UNITED STATES
SECURITIES AND EXCHANGE COMMISSION
Washington, D.C. 20549
___________________
FORM 8-K
Current Report
Pursuant to Section 13 or 15(d) of the
Securities Exchange Act of 1934
Date of report (Date of earliest event reported): October 15, 2013
National Holdings Corporation
(Exact Name of Registrant as Specified in Its Charter)
Delaware 001-12629 36-4128138 (State or Other Jurisdiction of Incorporation) (Commission File Number) (I.R.S. Employer Identification No.)
120 Broadway, 27th Floor, New York, NY
10271
(Address of Principal Executive Offices)
(Zip Code)
(212) 417-8000
(Registrant's Telephone Number, Including Area Code)
Not Applicable
(Former Name or Former Address, if Changed Since Last Report)
Check the appropriate box below if the Form 8-K filing is intended to simultaneously satisfy the filing obligation of the registrant under any of the following provisions:
☐ Written communications pursuant to Rule 425 under the Securities Act (17 CFR 230.425)
☐ Soliciting material pursuant to Rule 14a-12 under the Exchange Act (17 CFR 240.14a-12)
☐ Pre-commencement communication pursuant to Rule 14d-2(b) under the Exchange Act (17 CFR 240.14d-2(b))
☐ Pre-commencement communication pursuant to Rule 13e-4(c) under the Exchange Act (17 CFR 240.13e-4(c))
Item 2.01 Completion of Acquisition or Disposition of Assets.
On October 15, 2013, National Holdings Corporation, a Delaware corporation (the “Company”), completed its previously announced merger with Gilman Ciocia, Inc., a Delaware corporation ("Gilman"). Pursuant to the terms and conditions of the Agreement and Plan of Merger (the “Merger Agreement”), dated as of June 20, 2013, by and among the Company, National Acquisition Corp., a Delaware corporation and wholly owned subsidiary of the Company (“Merger Sub”), and Gilman, Merger Sub was merged with and into Gilman, with Gilman surviving the merger (the “Merger”) and becoming a wholly-owned subsidiary of the Company.
Pursuant to the Merger Agreement, the Company issued to the Gilman stockholders 0.235019 shares of its common stock for each outstanding share of Gilman common stock.

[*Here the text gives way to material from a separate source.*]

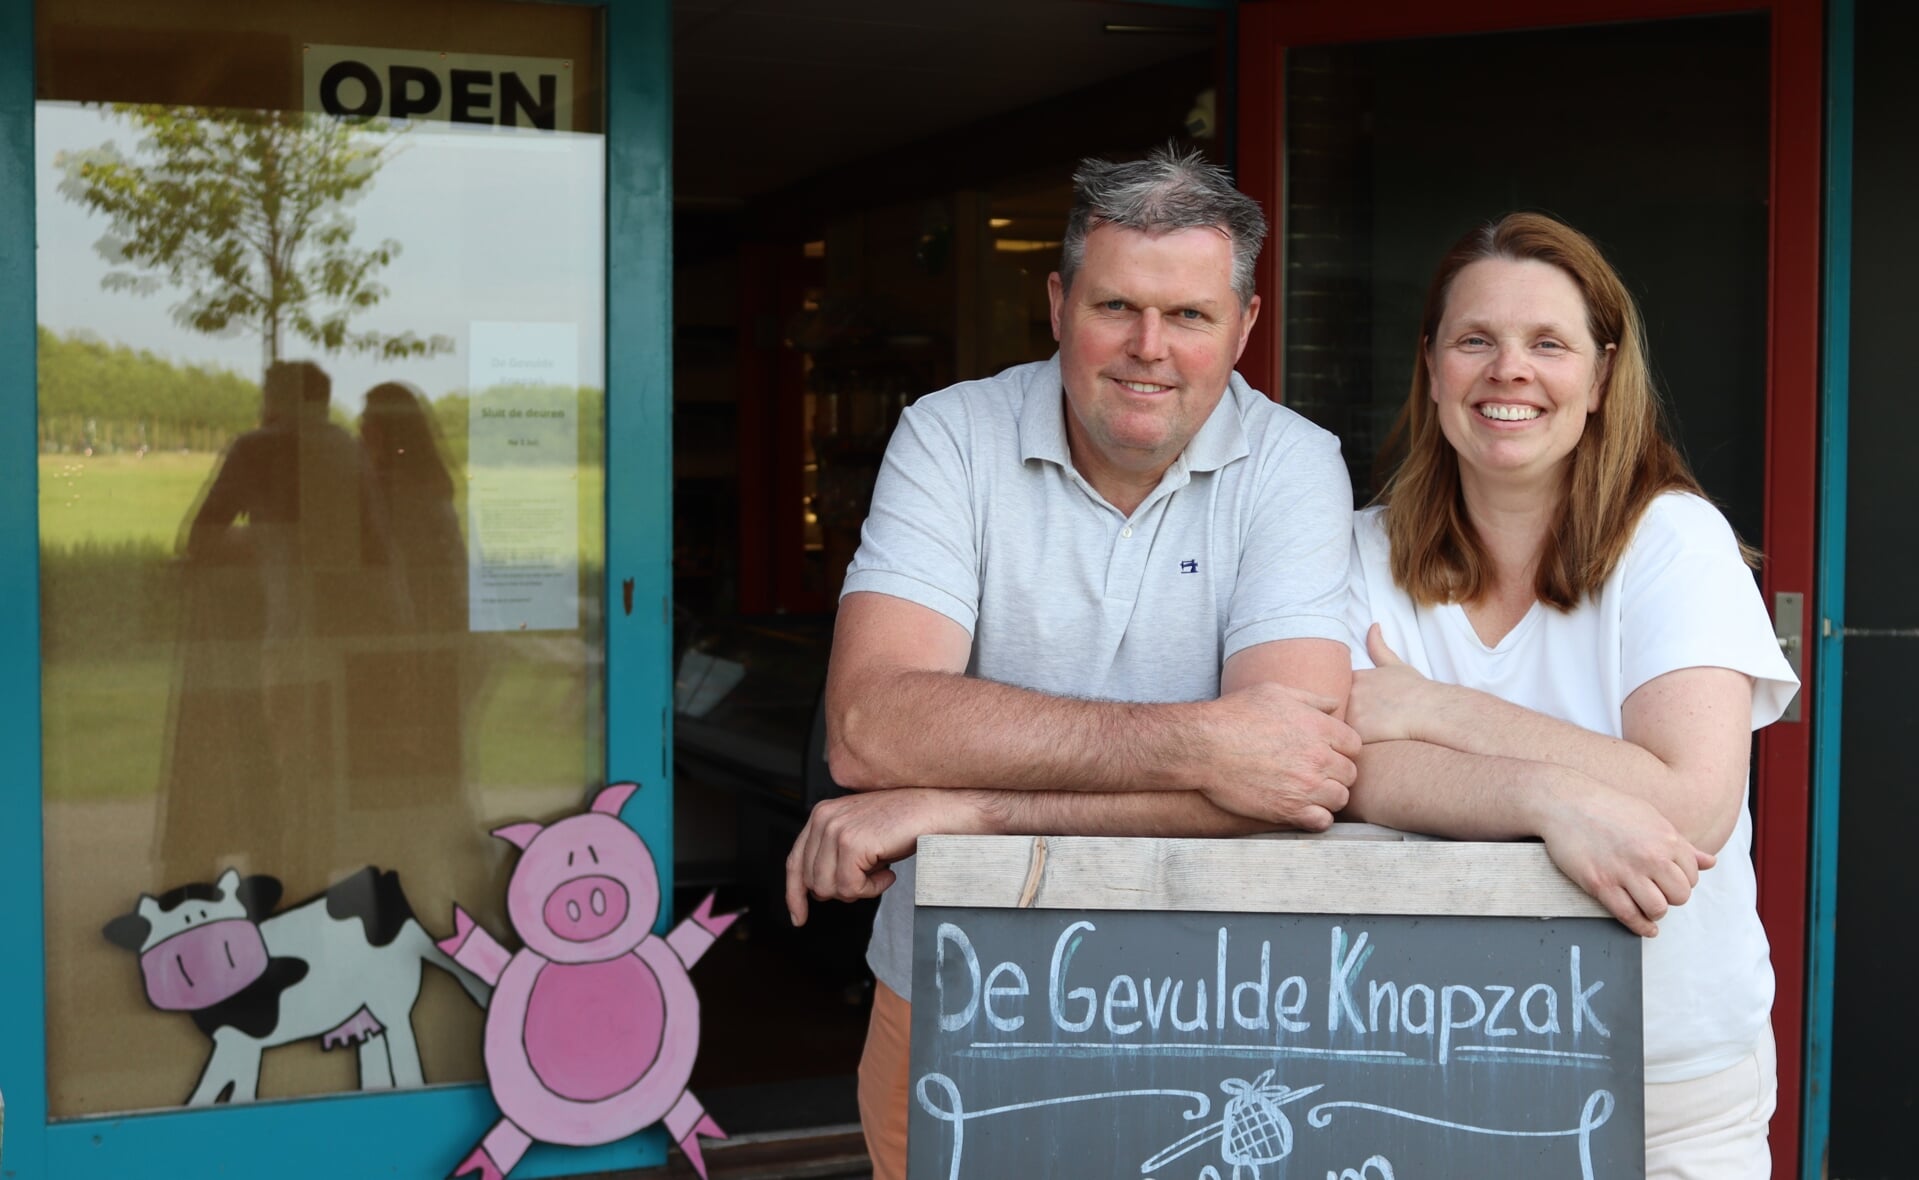 Erica en Pieter van der Meijden nemen op 1 juli afscheid van De Gevulde Knapzak. Hun boerderijwinkel aan de Kapelweg in Boxtel sluit na bijna zeventien jaar de deuren

Upon closing the shares of Gilman common stock, which traded under the symbol “GTAX,” have ceased trading on the OTC Bulletin Board.
The foregoing description of the Merger Agreement and the Merger does not purport to be complete and is qualified in it is entirety by reference to the Merger Agreement, which is incorporated by reference as Exhibit 2.1 to this Current Report on Form 8-K and is incorporated herein by reference.
Item 5.02 Departure of Director or Certain Officers; Election of Directors; Appointment of Certain Officers; Compensatory Arrangement of Certain Officers.
On October 15, 2013, in connection with the closing of the Merger described in Item 2.01 of this Current Report on Form 8-K, as contemplated by the Merger Agreement two nominees of the Board of Directors of Gilman, James Ciocia and Frederick “Rick” Wasserman, were appointed to the Company’s Board of Directors as class I directors, effective immediately following the effective time of the Merger.
As compensation for his service on the Board of Directors of the Company, Mr. Wasserman will receive the Company's standard compensation for non-employee directors. Since Mr. Ciocia is an employee, he will not receive any compensation for serving as a member of the Board of Directors of the Company. Other than as provided for in the Merger Agreement, there are no arrangements or understandings between either of Messrs. Ciocia and Wasserman and any other persons pursuant to which either of Messrs. Ciocia and Wasserman were named a director of the Company. Neither of Messrs. Ciocia and Wasserman has (i) any family relationship with any of the Company's directors or executive officers or any persons nominated or chosen by the Company to be a director or executive officer or (ii) any direct or indirect material interest in any transaction or proposed transaction required to be reported under Item 404(a) of Regulation S-K or Item 5.02(d) of Form 8-K.
Item 8.01 Other Events.
On October 16, 2013, the Company issued a press release announcing the closing of the Merger. The press release is attached hereto as Exhibit 99.1 to this Current Report on Form 8-K and is incorporated herein by reference.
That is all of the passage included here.